Introduced in the House every Congress since 2011, the legislation ensures that existing tribal lands will continue to be held in trust by the federal government, reaffirms the authority of the Secretary of the Interior to take land into trust for Indian Tribes, and removes the uncertainty and ambiguities inherent within the Carcieri v.
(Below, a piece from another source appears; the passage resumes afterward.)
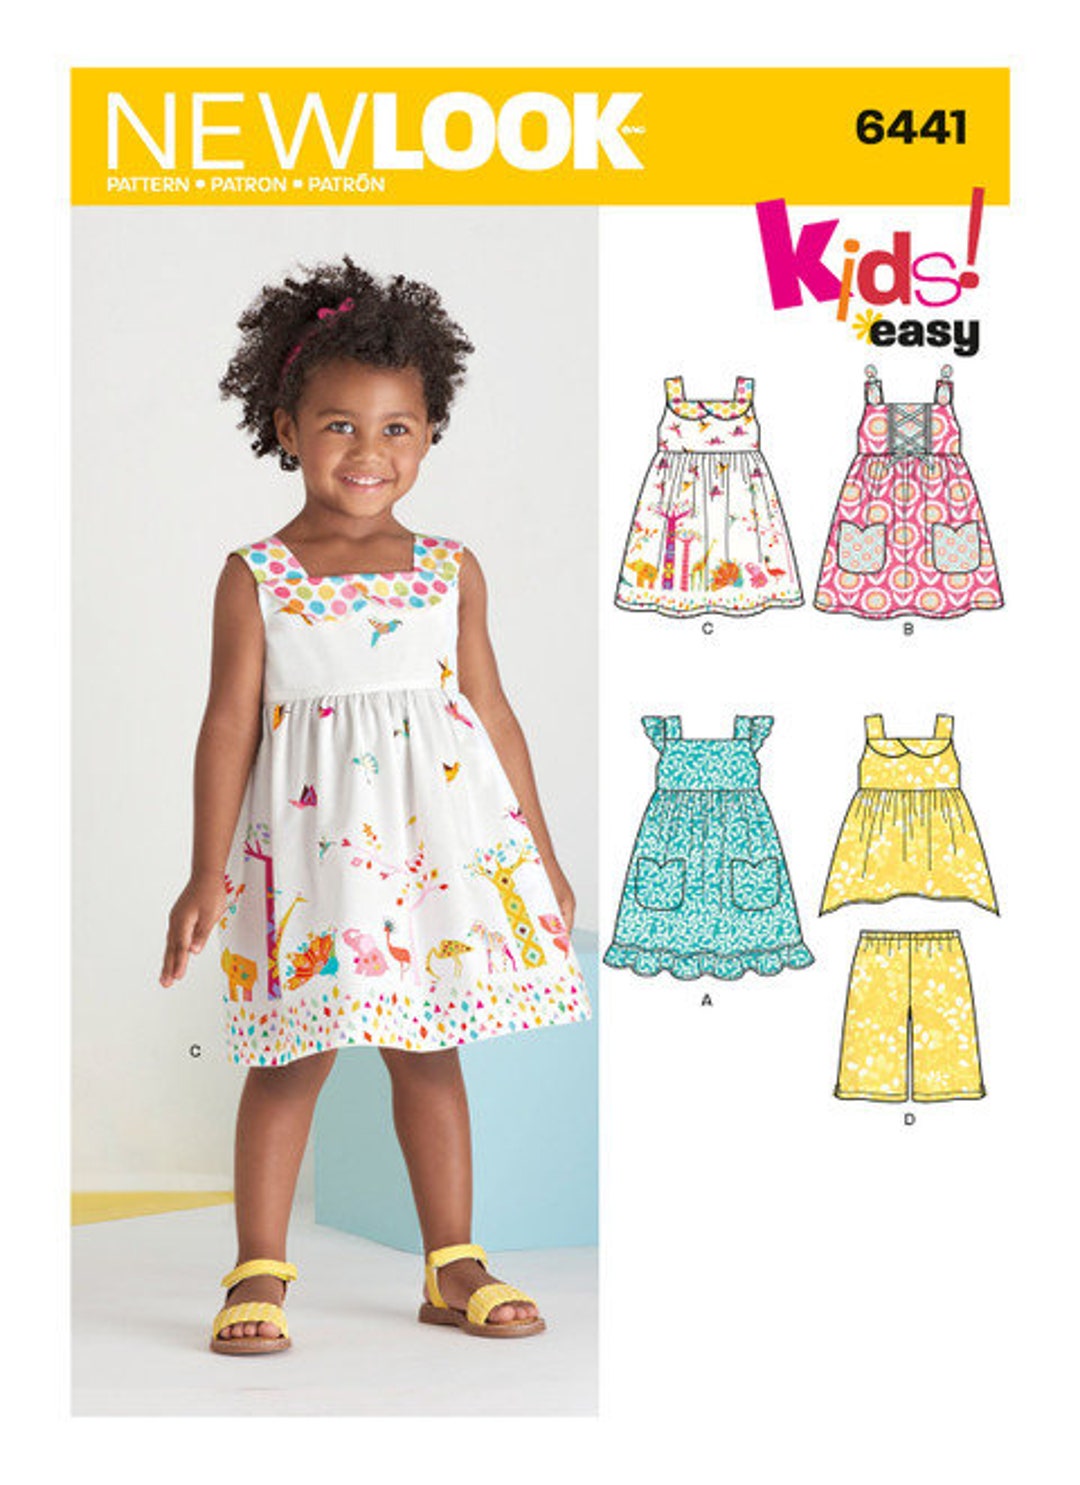 CUTE Toddlers' Dresses, Top and Cropped Pants, New Look 6441, Kids Easy ...
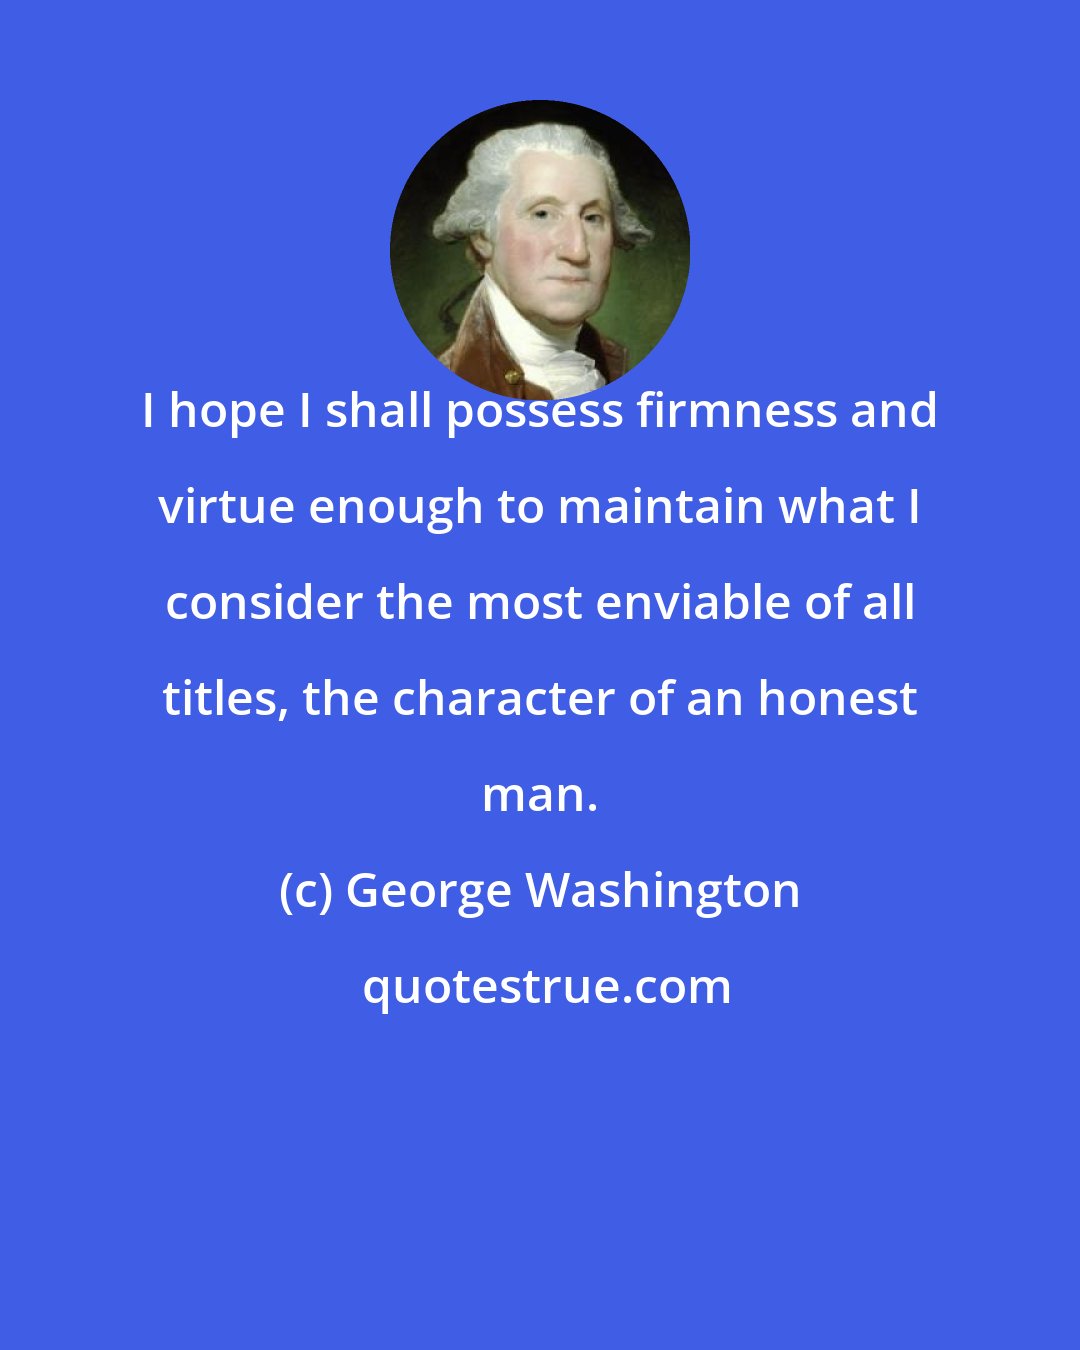 George Washington: I hope I shall possess firmness and virtue enough to maintain what I consider the most enviable of all titles, the character of an honest man.

Salazar opinion.

“Today, the House voted to ensure that we are able to fulfill one of our country’s most sacred commitments to tribal nations,” said Congresswoman McCollum. “This legislative fix will make it clear that the federal government’s ability to restore tribal homelands extends to all 573 federally recognized tribes, and I am honored to have worked hand-in-hand with Congressman Cole to lead this effort.” 

“Despite a misguided Supreme Court opinion 10 years ago that jeopardized ownership of tribal trust lands and questioned the authority of the Secretary of Interior, I am encouraged progress has been made to reverse it and rightly restore 75 years of past precedent,” said Congressman Cole. “While the federal government and tribal nations have at times had a battered and troubled relationship, this legislative action in the House symbolizes desire to keep the promises made to tribes, respect their sovereign status and repair damage done.”

McCollum is a long-time member and Co-Chair Emeritus of the Native American caucus. Cole is a member of the Chickasaw Nation of Oklahoma and has led as Co-Chair of the Native American Caucus since 2009.


On June 18, 1934, Congress passed the Indian Reorganization Act (IRA) to protect tribal sovereignty and to help restore lands to tribes. For 75 years, all federally recognized tribes had the right under IRA to request that land be placed into trust for their nations by the Secretary of the Interior. Accordingly, tribes have used their trust lands to build community facilities like schools, health clinics, and tribal housing to serve their tribal members. This land has also been used for tribal enterprises and to promote economic development in communities that are often underserved and poverty stricken.

In 2009, however, the U.S. Supreme Court overturned that long-established precedent in Carcieri v. Salazar. In addition to generating expensive litigation for certain tribes, the Carcieri decision caused uncertainty and unequal treatment among federally recognized tribes, operating on existing tribal trust lands.

Since the 2009 opinion, members in both chambers of Congress have introduced legislation to restore the original intent of IRA. Passage today marks the first time a fix has advanced out of the House.